The Lady in the Van

A Disney-style look at homelessness, saved by Maggie Smith.

If every homeless person were as endearingly crotchety as Dame Maggie Smith in The Lady in the Van, we'd all let transients live in our driveways, chuckling at their passive kvetching while it rounds out our children's sense of humor.

This book-turned-award-winning play-turned-film is based on the true story of writer Alan Bennett allowing a homeless woman to live in his driveway for 15 years. After the novel, Bennett went on to write a West End play of the same name, starring Maggie Smith as the indomitable Miss Mary Shepherd, with Nicholas Hytner in the director's chair. The gang's all here for the big-screen adaptation.

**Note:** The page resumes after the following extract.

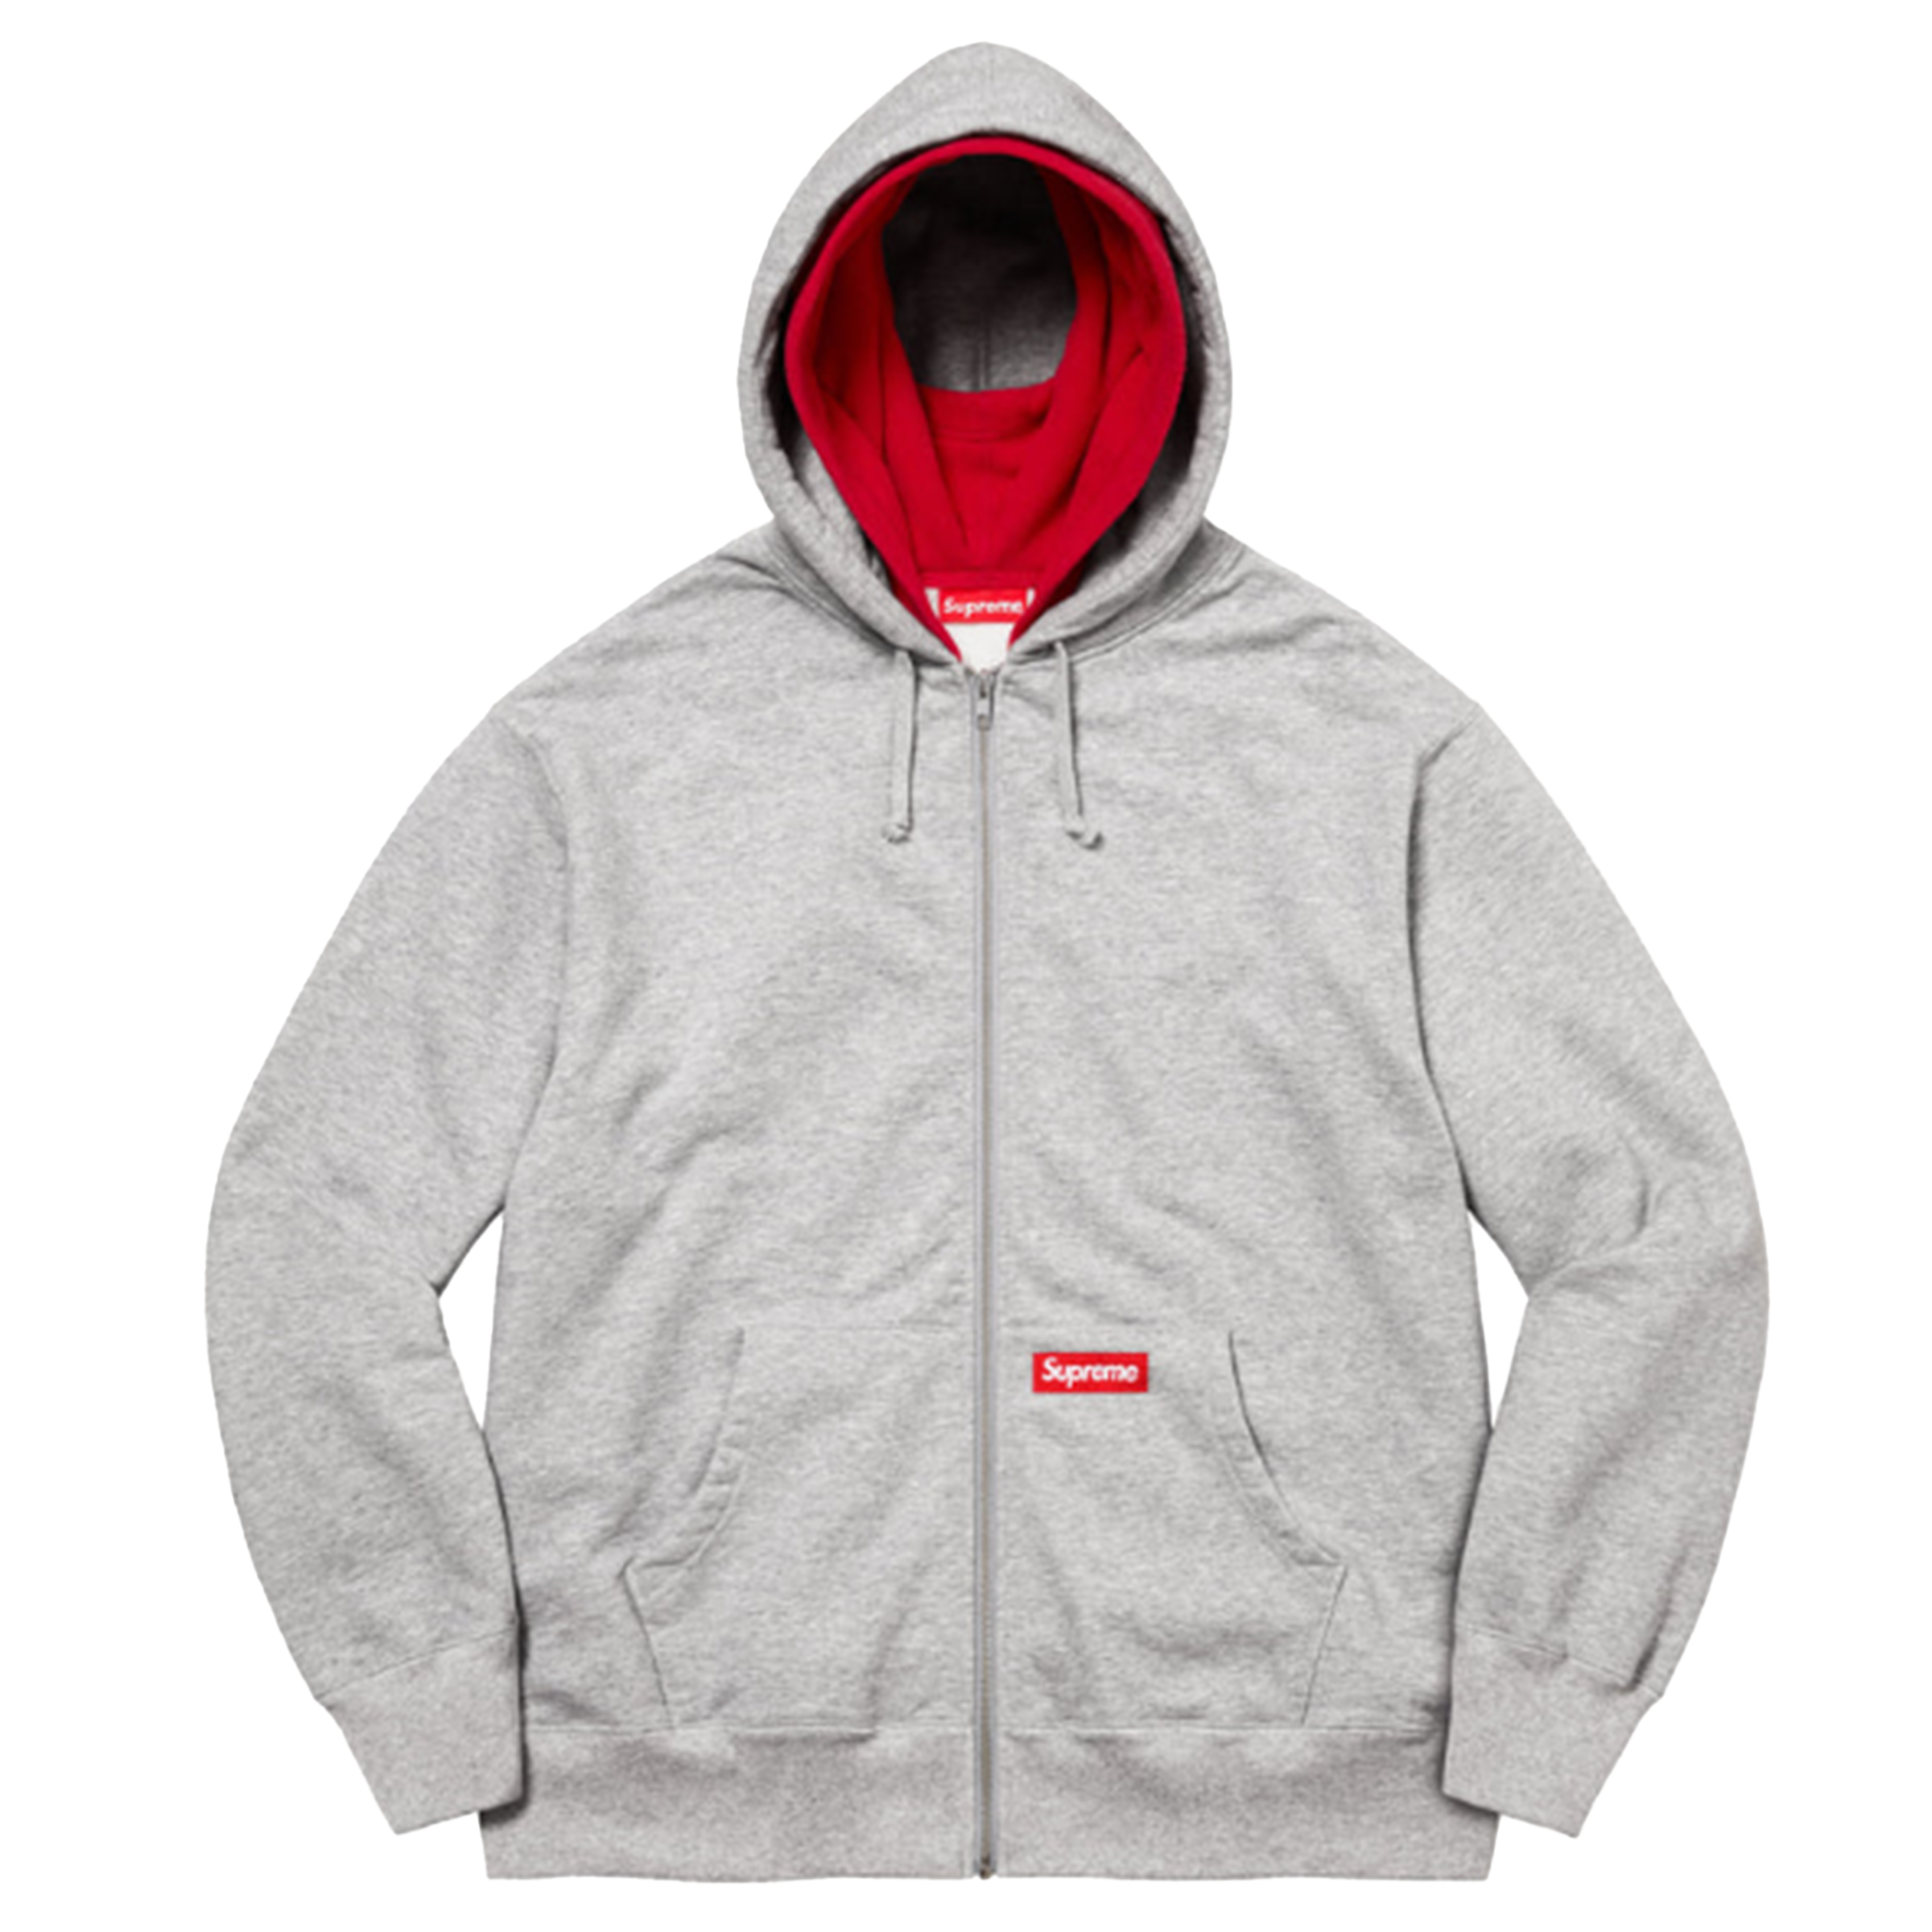 Supreme zip up hoodie

Smith slides back into the titular role with practiced humor, going about her business with unfettered purpose. When Bennett runs into her selling loose pencils and advice on the sidewalk, she calmly explains, "I'm not a beggar, I'm self-employed."

There are actually two Bennetts—one is writing the story, the other is living it. With impressive use of green-screen magic, the two sit in the same room like a pair of identical twins and throw witty barbs at each other. Alex Jennings excels in his binary role as both Bennetts, using subtle changes in tone and posture to differentiate the two sides of a very moderately tempered, semicloseted gay man.

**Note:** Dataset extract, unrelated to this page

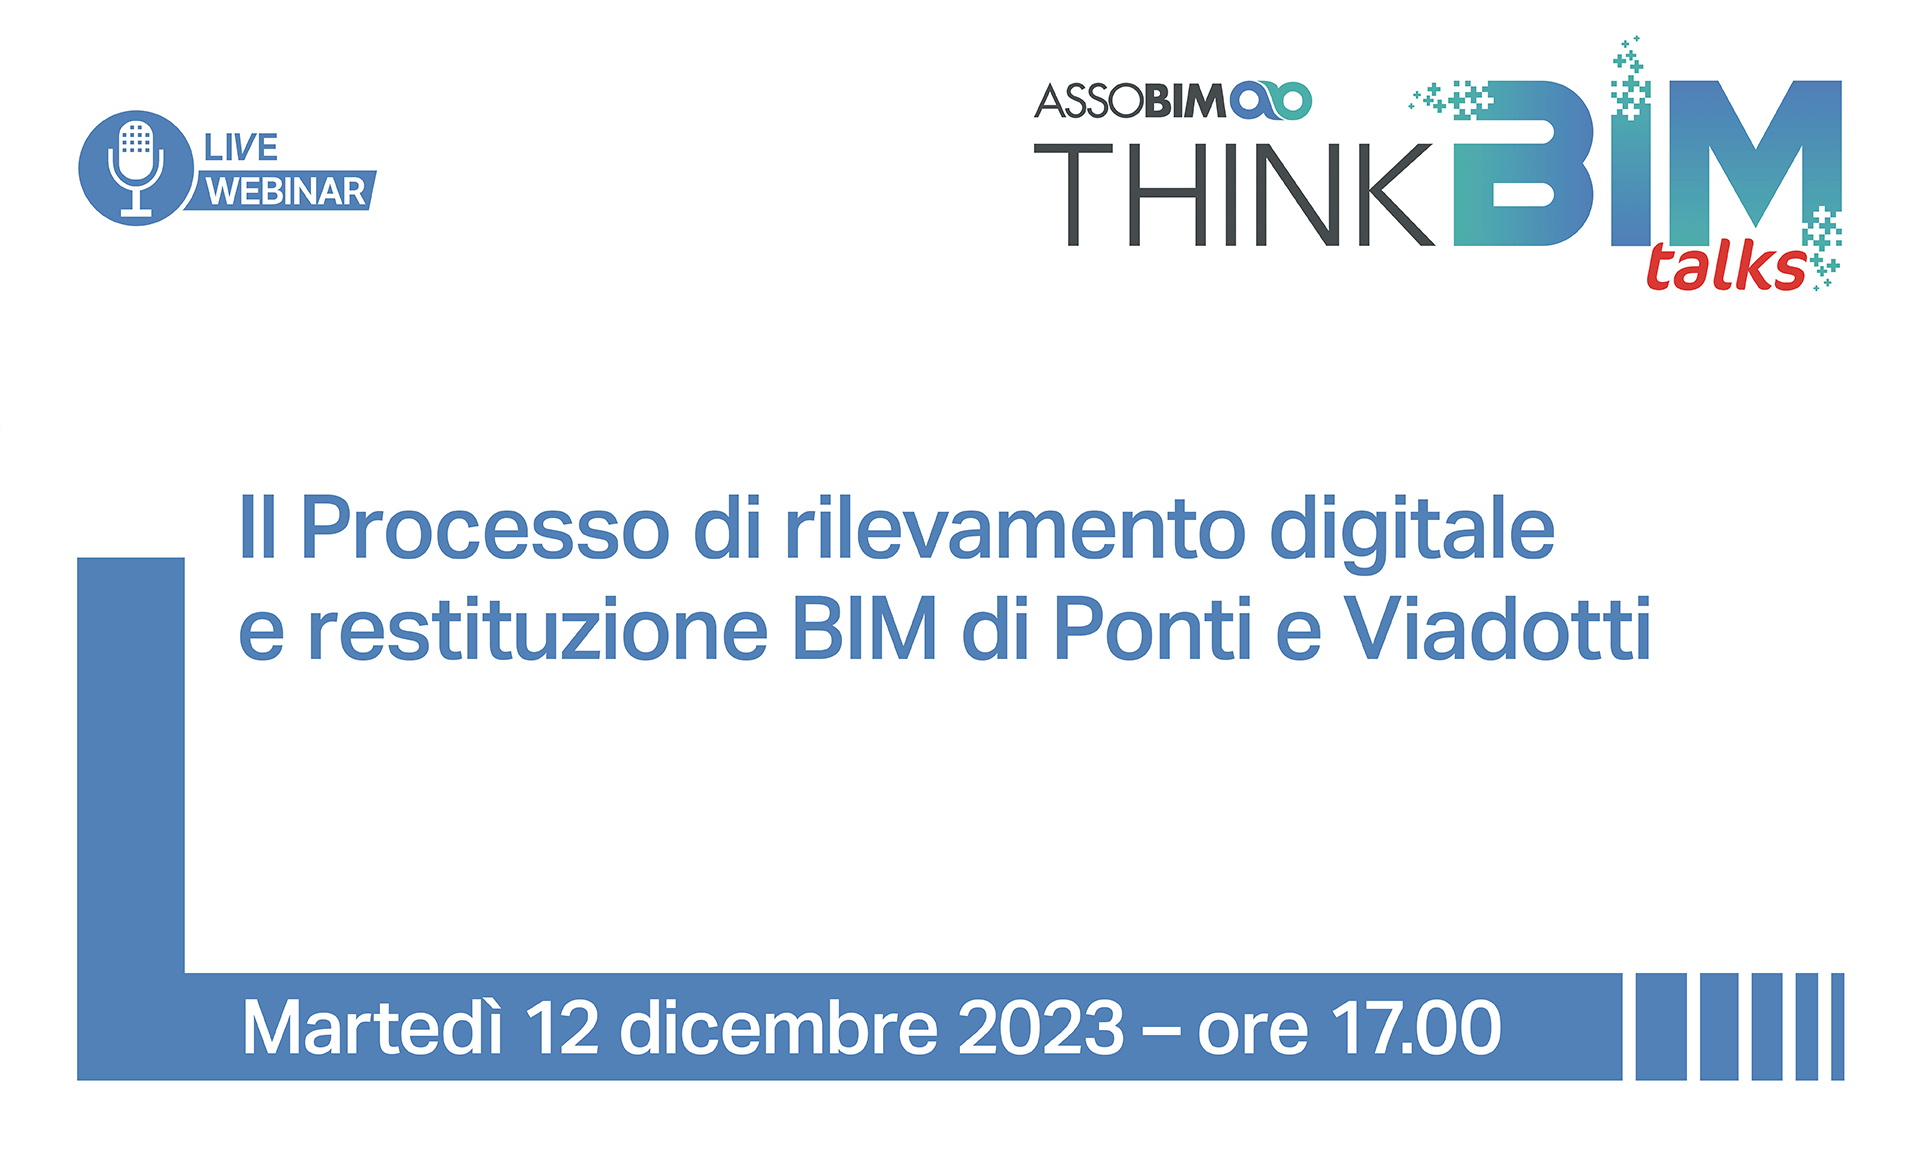 Talks 12 dicembre 2023 – Il Processo di rilevamento digitale e restituzione BIM di Ponti e Viadotti

Hytner complements the playful screenplay without making a clown out of Miss Shepherd, employing a vibrant palette onscreen to keep the tone light. Shepherd's poorly painted yellow van with stuffed plastic bags spilling from all sides only makes the quaint Camden neighborhood look more charming, even if Miss Shepherd's main contribution to the community is bitter curses for children playing recorders nearby.

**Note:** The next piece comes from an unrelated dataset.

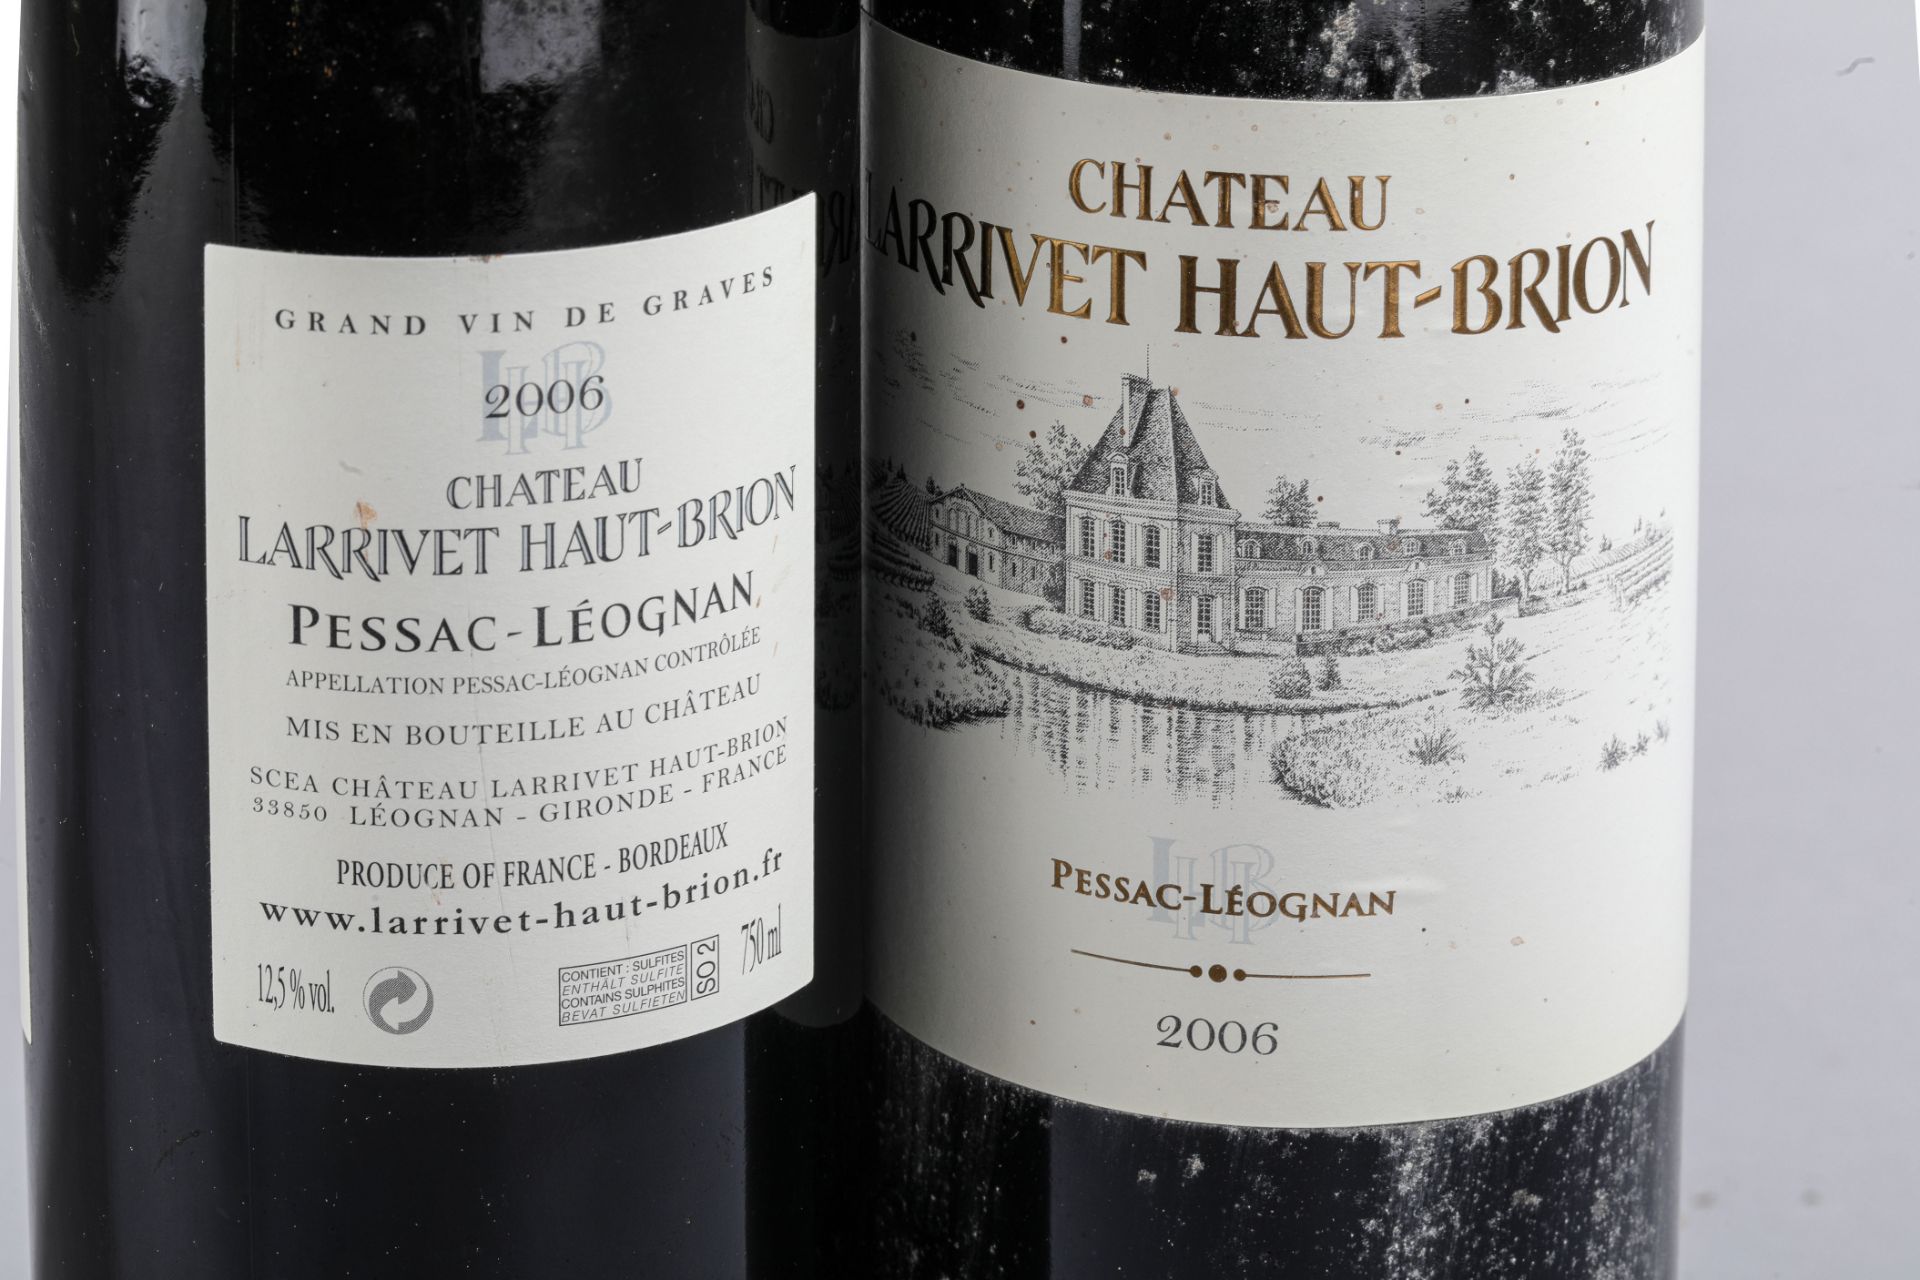 CHÂTEAU LARRIVET HAUT BRION. 2006. 2 bouteilles. Pessac Léognan. - Image 3 of 4

Despite this kid-friendly, Disney-style version of homelessness, Smith gives a genuine performance as a misunderstood woman suffering from PTSD, proudly grasping her grimy layers of clothing, and her opinions, with blunt conviction. Her tone is too confident for us to doubt her claims of past prestige—she very well could have been a nun, a concert pianist or an ambulance driver.

Critic's Grade: B+

see it: The Lady in the Van is rated PG-13. It opens Friday at Fox Tower.